Active Gate Control in Half-Bridge Inverters Using Programmable Gate Driver ICs to Improve Both Surge Voltage and Converter Efficiency

Abstract

The requirements for peripheral circuits of power converters are becoming more restrictive due to the enhancement of Si-based power devices and due to practical use of SiC device. In the design of modern high-speed switching converters, the stray inductances and capacitances both in the device package and in the gate drive circuit in addition to those in the main circuit of the power converter must be considered. In these situations, the gate driving technique represents the key technology for enhancement of high-speed switching ability of power devices, as there are design limitations to reduce the stray inductances and capacitances.

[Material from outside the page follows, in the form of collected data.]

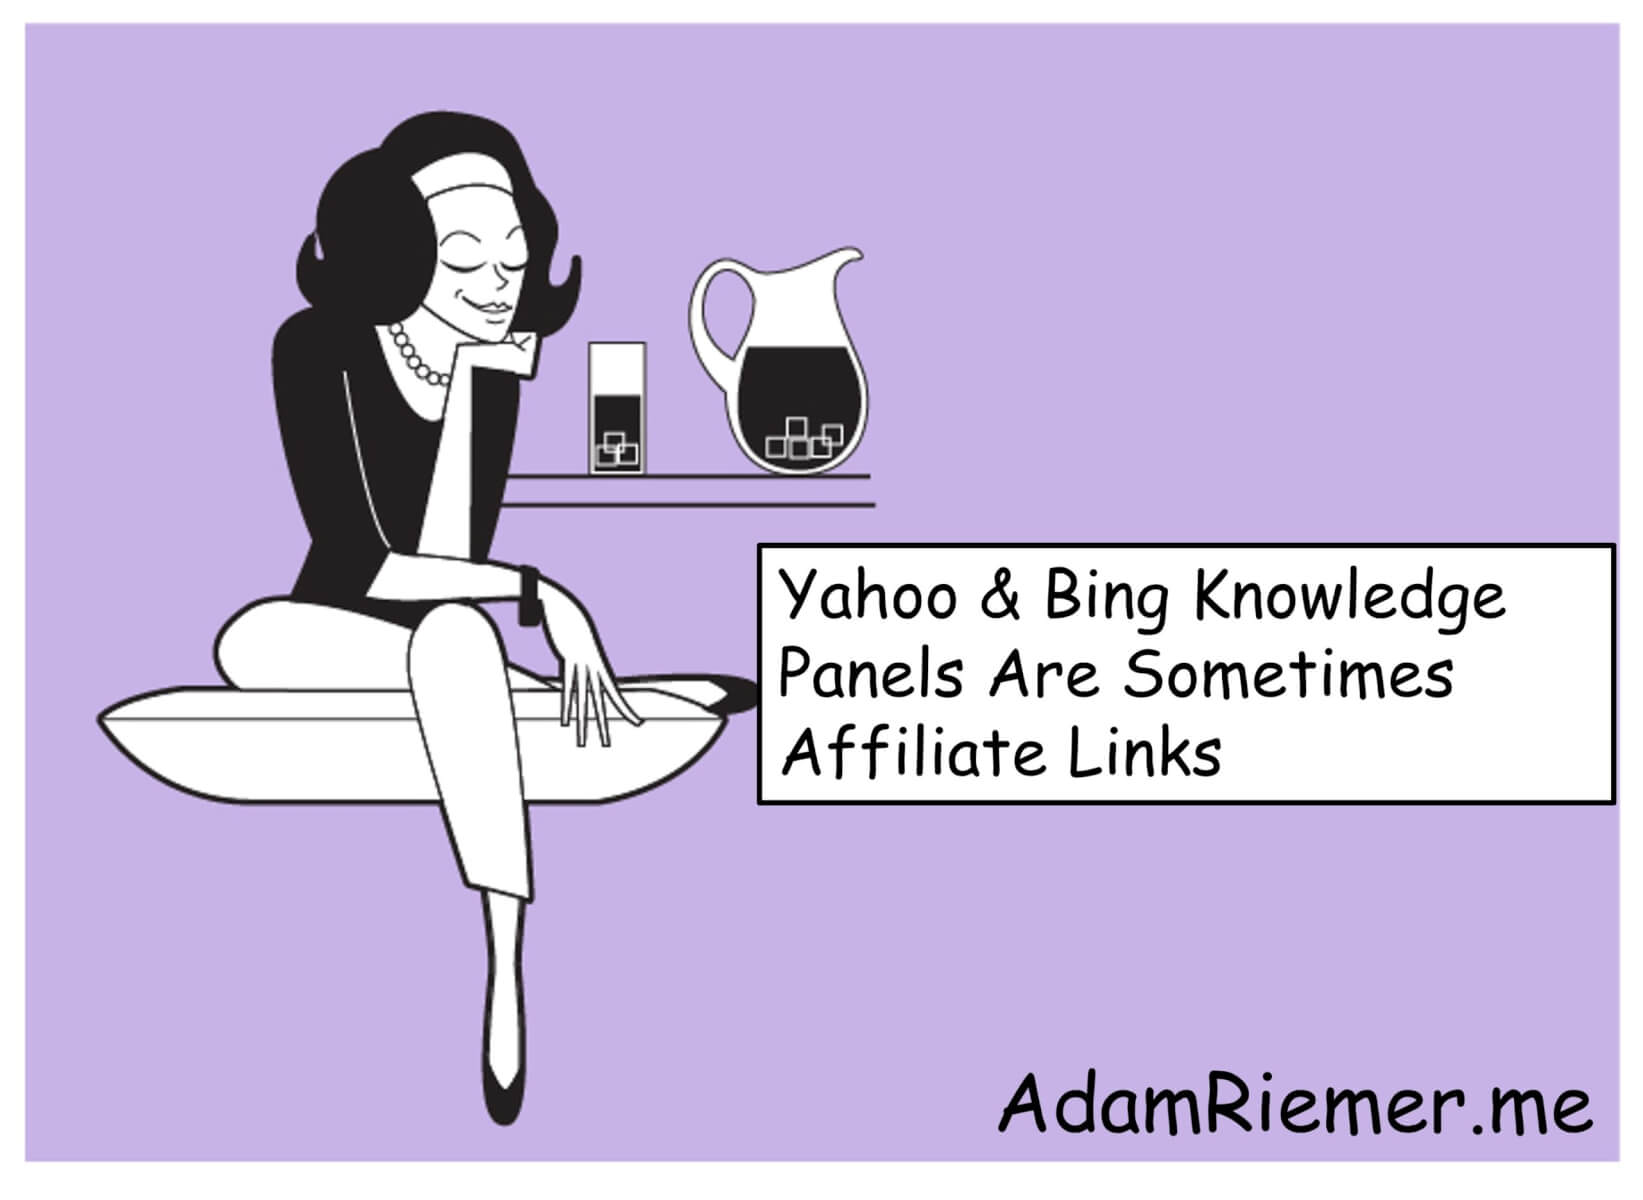 Yahoo & Bing Knowledge Panels Are Sometimes Affiliate Links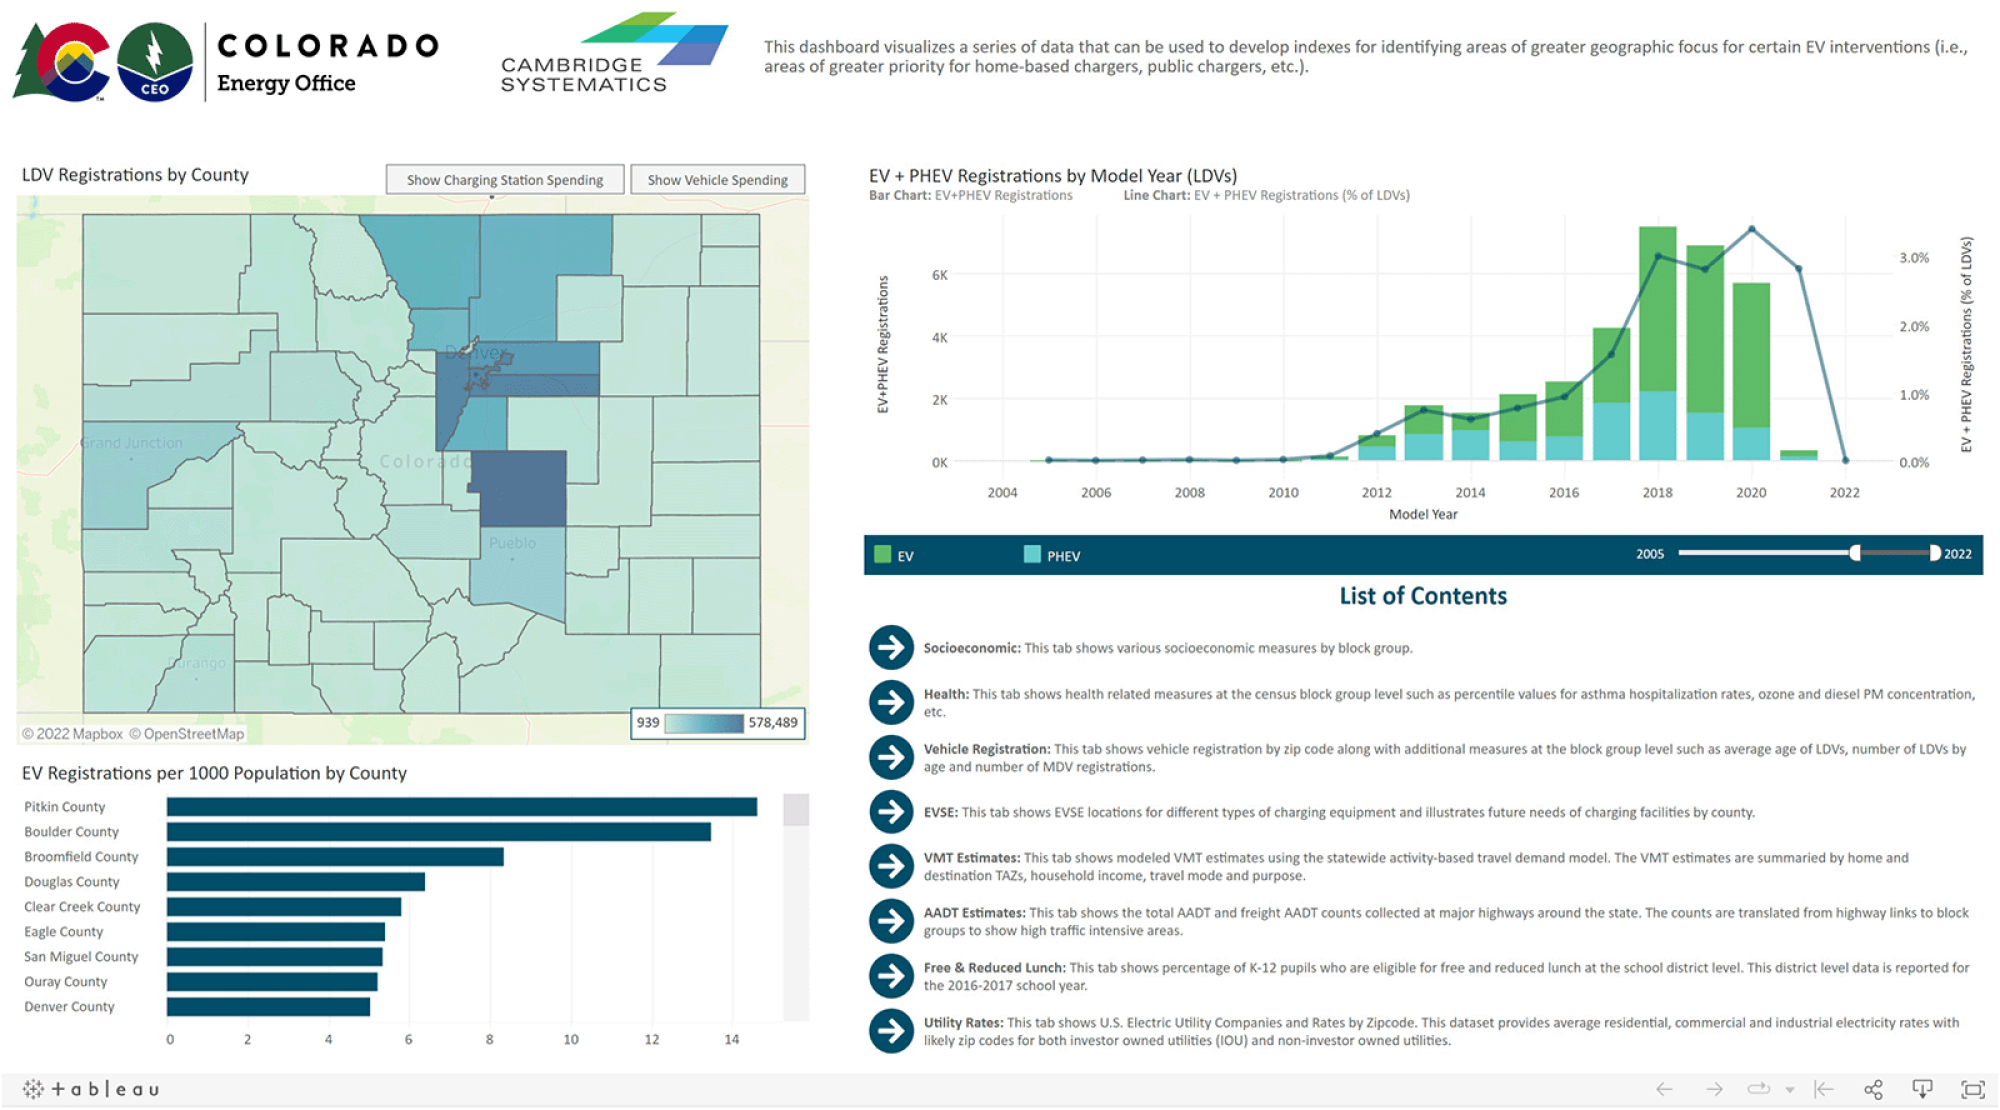 The Colorado EV Equity Dashboard built by CS allows users to explore data related to vehicle electrification and identifying priority areas for certain EV interventions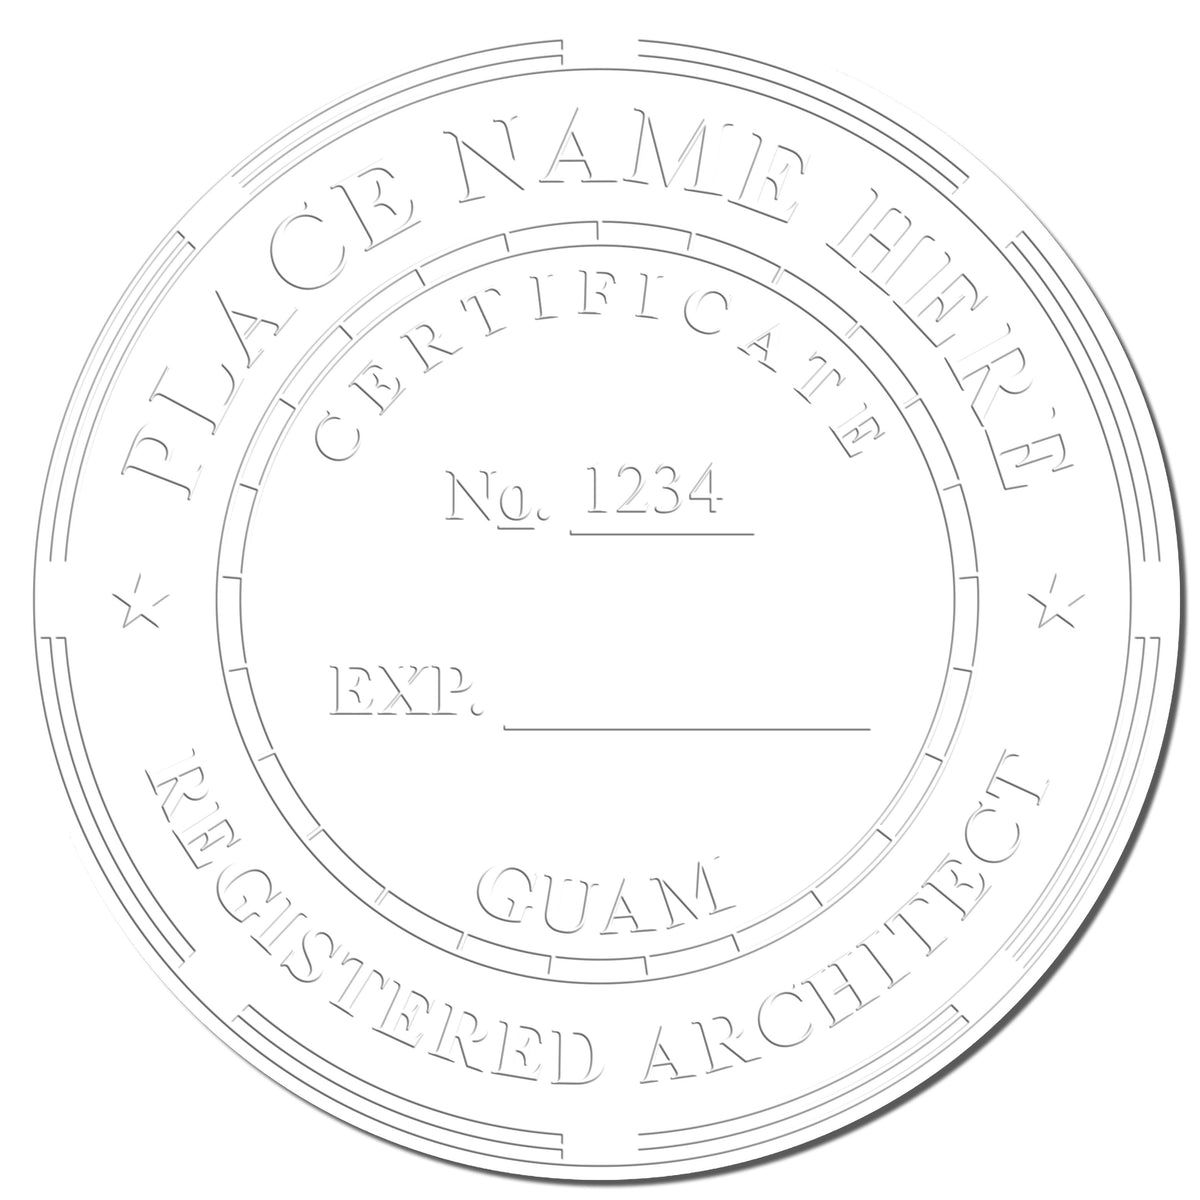 A photograph of the Guam Desk Architect Embossing Seal stamp impression reveals a vivid, professional image of the on paper.

So far, several active gate control methods have been proposed. Most conventional active gate drivers are configured using analog circuits such as transistors and diodes. Thus, it is difficult to reconfigure their control parameters to fit the stray inductances and capacitances after the implementation of power converter and gate circuits. As a solution to these problems, the authors have proposed a programmable gate driver IC, which is a digitally controlled circuit. This gate driver IC can control the gate current at 63 separate levels, operated by programmable fully digital 12-bit and clock signals. In this paper, an active gate current control based on the load current in a half-bridge inverter with two programmable gate driver ICs is demonstrated. This developed gate control is different to the general current feedback control followed the reference value. It is verified that the proposed active gate control can effectively improve the tradeoff relationship between the surge voltage and switching loss of the pulsewidth modulation half-bridge inverter circuit.